Damn it.... I feel more depressed then ever. It's offical. My whole family hates me.
I was talking with my brother. We got into the usual agument about me being a vegitarien and all, I asked him somthing and hea replied with, "I'm a normal human bieng, just like you." I felt so happy that he had finlay exepted me. I was just about to ask if he ment that when he said, "Oh wait, I forgot, your not normal, like me." I asked him what he ment by that. He didn't answer. I asked again and he said, "Just think about it."
I'm so mad and depressed right now. I just can't take it anymore! I feel like going back to banging my head against my wall. I felt like slaping him and yelling at him at the top of my lungs. He hates me because of who I am. Because of who I love. Because of what I eat, what I say, what I do. He hates everything about me and I just want to go crawl up in a corrner and cry till I can't anylonger. I just want my family to love me like they used to. I just want to be normal to them. I want them to see and to accsept me for who I am. I juat want to not have to be locked in the closet 24/7 around them. It makes me want to thorw up and cry. That's why I havn't been eating, that's why I've been so depressed.

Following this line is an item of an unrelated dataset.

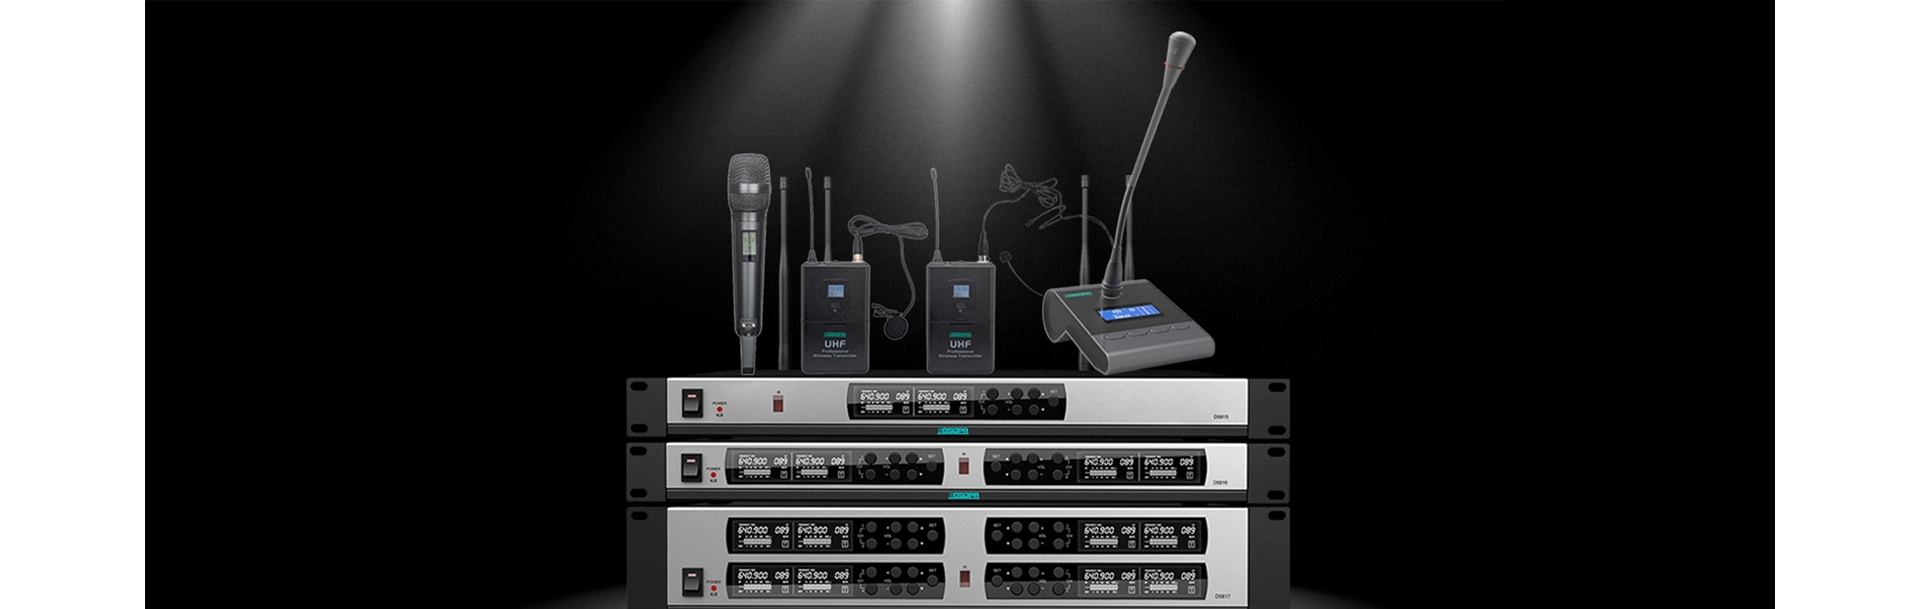 4 Channels Wireless Microphone System Receiver

I can't show emotion at home so my friends have to deal with me and I just can't take it any longer! It's been building up and it's just going to keep building up. I wont be able to keep it in much longer. I don't know how much longer I'm going to last. When I get this way, I can't be stopped for a long time. Fighting with everyone doesn't help. I'm sorry if I've been ignoring you.
I'm sorry if I've done somthing wrong but...

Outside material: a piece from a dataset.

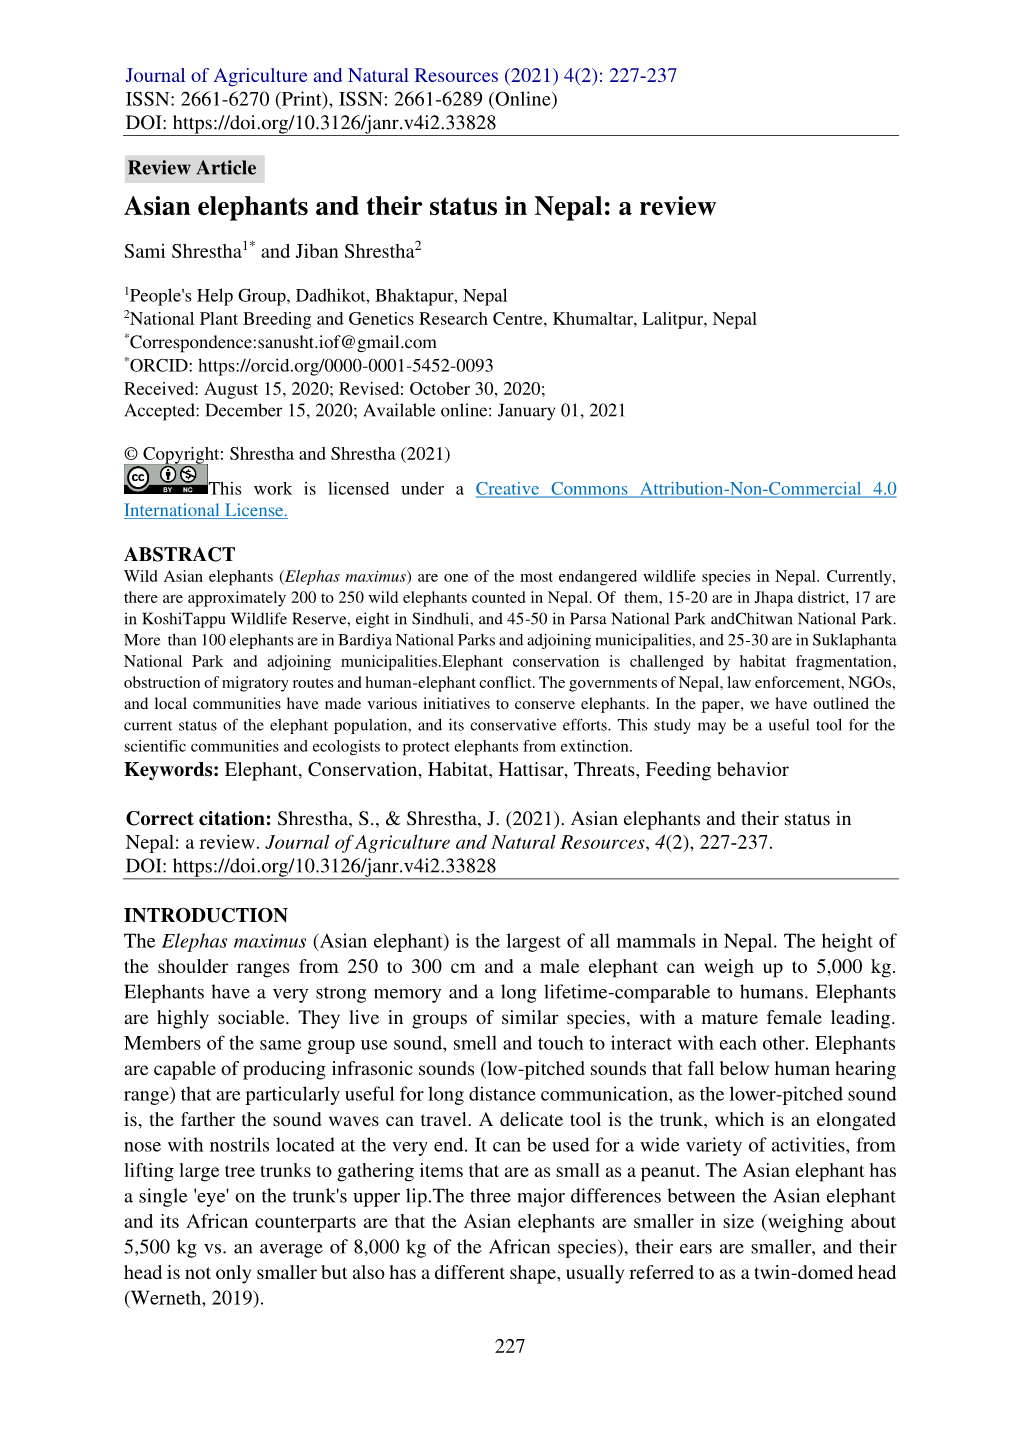 Asian Elephants and Their Status in Nepal: a Review

I can't help it right now.
I'm afrid to cross the street now because those thoughts are back.
I'm afraid that my legs are just going to stop moving in the middle of the street.
But, I know they won't but I still can't shake those thoughts.

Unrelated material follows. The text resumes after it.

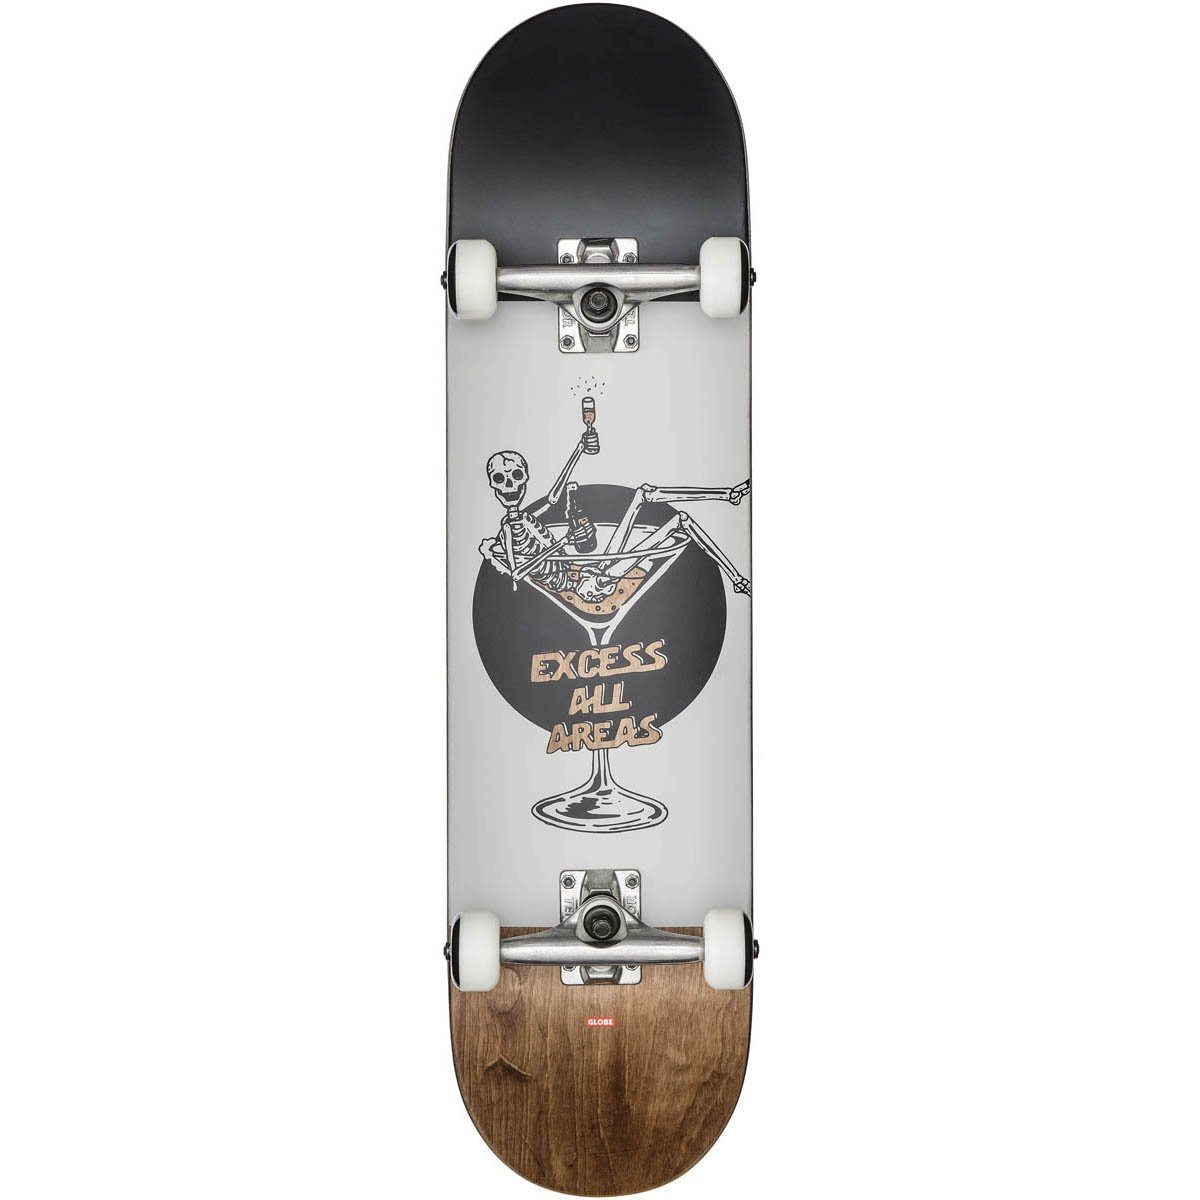 G1 Excess 8.0 Skateboard Complete

I know that once a certan person reads this, I'm going to get a phone call from them. I just want them to know that I'm fine and I won't actuly do anything. I made that promis and I'm keeping it.
I was talking with my brother. We got into the usual agument about me being a vegitarien and all, I asked him somthing and hea replied with, "I'm a normal human bieng, just like you." I felt so happy that he had finlay exepted me. I was just about to ask if he ment that when he said, "Oh wait, I forgot, your not normal, like me." I asked him what he ment by that. He didn't answer. I asked again and he said, "Just think about it."
I'm so mad and depressed right now. I just can't take it anymore! I feel like going back to banging my head against my wall. I felt like slaping him and yelling at him at the top of my lungs. He hates me because of who I am. Because of who I love. Because of what I eat, what I say, what I do. He hates everything about me and I just want to go crawl up in a corrner and cry till I can't anylonger. I just want my family to love me like they used to. I just want to be normal to them. I want them to see and to accsept me for who I am. I juat want to not have to be locked in the closet 24/7 around them. It makes me want to thorw up and cry. That's why I havn't been eating, that's why I've been so depressed. I can't show emotion at home so my friends have to deal with me and I just can't take it any longer! It's been building up and it's just going to keep building up. I wont be able to keep it in much longer. I don't know how much longer I'm going to last. When I get this way, I can't be stopped for a long time. Fighting with everyone doesn't help. I'm sorry if I've been ignoring you.
I'm sorry if I've done somthing wrong but...
I can't help it right now.
I'm afrid to cross the street now because those thoughts are back.
I'm afraid that my legs are just going to stop moving in the middle of the street.
But, I know they won't but I still can't shake those thoughts.
I know that once a certan person reads this, I'm going to get a phone call from them. I just want them to know that I'm fine and I won't actuly do anything. I made that promis and I'm keeping it.
Community Member
As for your brother, I know that he's jealous of you. You have good grades, a girlfriend who loves you, loyal friends and a wonderful personality, plus, your parents pay way more attention to you. Even though you wish they'd leave you alone, I think he feels just the opposite. Anyway, he needs their help a lot more. I know it might not help to hear this, but you're both normal human beings, he just needs a lot more help.
You say that I "have to" deal with you, but that's not how I see it. How I see it, I get to help you. It's a privilege and an honor to take care of you like you take care of me. I'm flattered that you let me see what goes on in your mind, and I wouldn't trade with anyone in the world. I cherish the time we spend together, and if occasionally you need me to comfort you, I'm more than happy to do it. I love you, you darling stoic. I'd do anything for you. Please try to eat something, you think about ten times clearer with food in your stomach.
And try to be gentle with yourself. This is the time that you need to be your ally and your enemy. Call me, e-mail me or message me whenever you need me. Calling times are 7:00 AM to 10:00 PM every day, and the rest is open 24/7. I love you with all my heart, and I'm going to take care of you and keep you safe. I'm always here for you.